Whoo-hoo, we have a washing machine! Tuesday morning (which is the good day for classifieds here, for some reason) we scoured the ads for used washing machines and found one. It’s being sold by a nice Polish lady who needed a bigger machine since she has 3 kids. I’m thrilled to have one! We don’t actually have it yet, as Wayne is renting a truck again today and he’ll pick it up later, but I’m saved from the Laundromat.

Tuesday we also took the bus to Real to buy cheap plastic things. Real is pretty similar to a super Wal-Mart (though smaller) and I have to admit that it made me very, very happy. Embarrassingly so. We bought some kitchen things we need, a car seat for Abby for when we rent a car, a door mat, that sort of thing. Plus they had a bigger selection of groceries than we’ve seen elsewhere, so we were able to get things like whole-wheat pasta and flour. It’s not in walking distance, so won’t be a regular shopping place, but it’s nice to know that it is just a bus ride away.

Bus fares are actually more expensive here than the price with an Oyster card in London, and Abby’s not free here. Luckily, we’re in a great location, in walking distance of most things we’ll need. The pedestrian/shopping zone is less than a 10 minute walk away, which is nice. This afternoon Abby and I will be heading there. Next week Abby’s class is spending the week at a children’s farm, and she needs to be outfitted with rubber boots and waterproof trousers. She had a good second day of school. She thinks it’s the “coolest school ever,” primarily because, as she says, “we don’t have to work.” (We’re implementing a daily journal requirement at home!)
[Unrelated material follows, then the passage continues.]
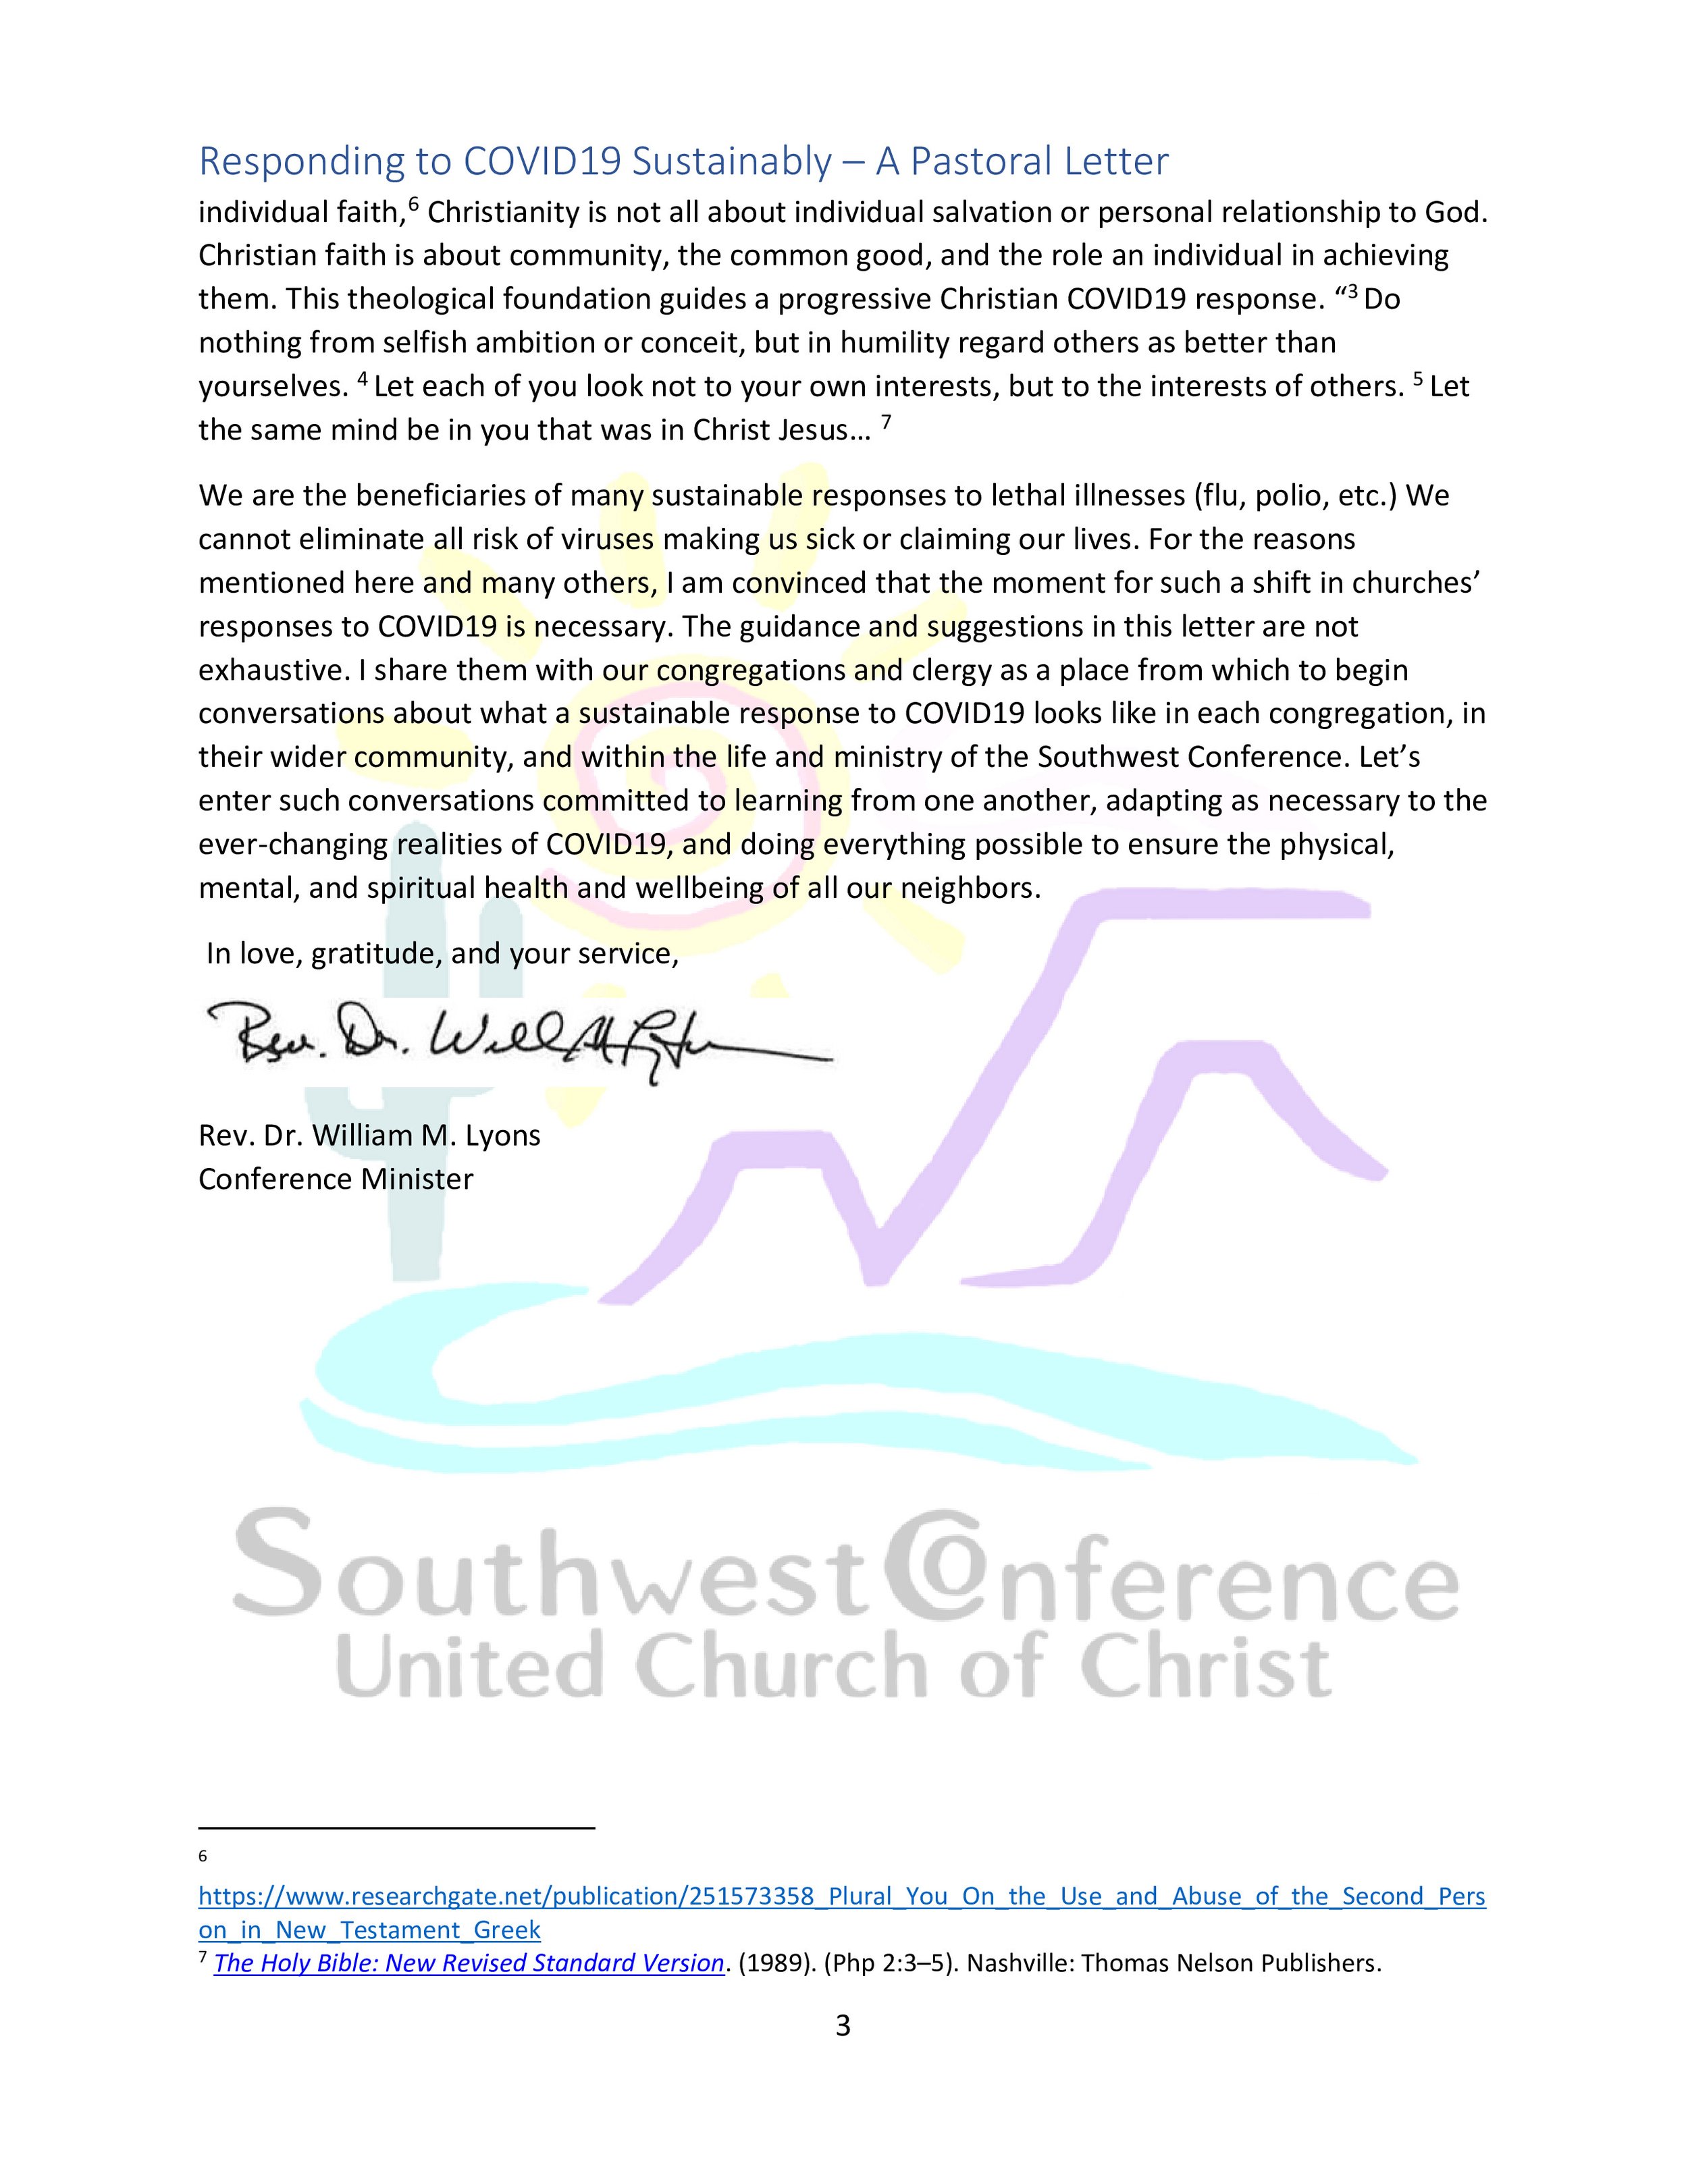 Sustainable Response to COVID19 - a pastoral letter page 3.jpg

Tuesday we also went to visit my school for a language assessment, which was humiliating. My German is still terrible. Evidently I have to actually be immersed in the language before I can be bothered to learn it! So, in mid-January, I start what I am calling “German boot camp.” It’s 4 hours a day, 4 days a week of German at the adult ed center. It sounds just like Peace Corps language training, and I know some of you will groan at that memory. The funniest part was when the lady asked how many years of education I’ve had. When I answered 20, she thought I must have my numbers wrong. I think she had difficulty reconciling my level of German (equivalent to David Sedaris’ “Me Talk Pretty One Day”) with someone who has clearly had too much formal education.

Monday, December 10, 2007

The big move!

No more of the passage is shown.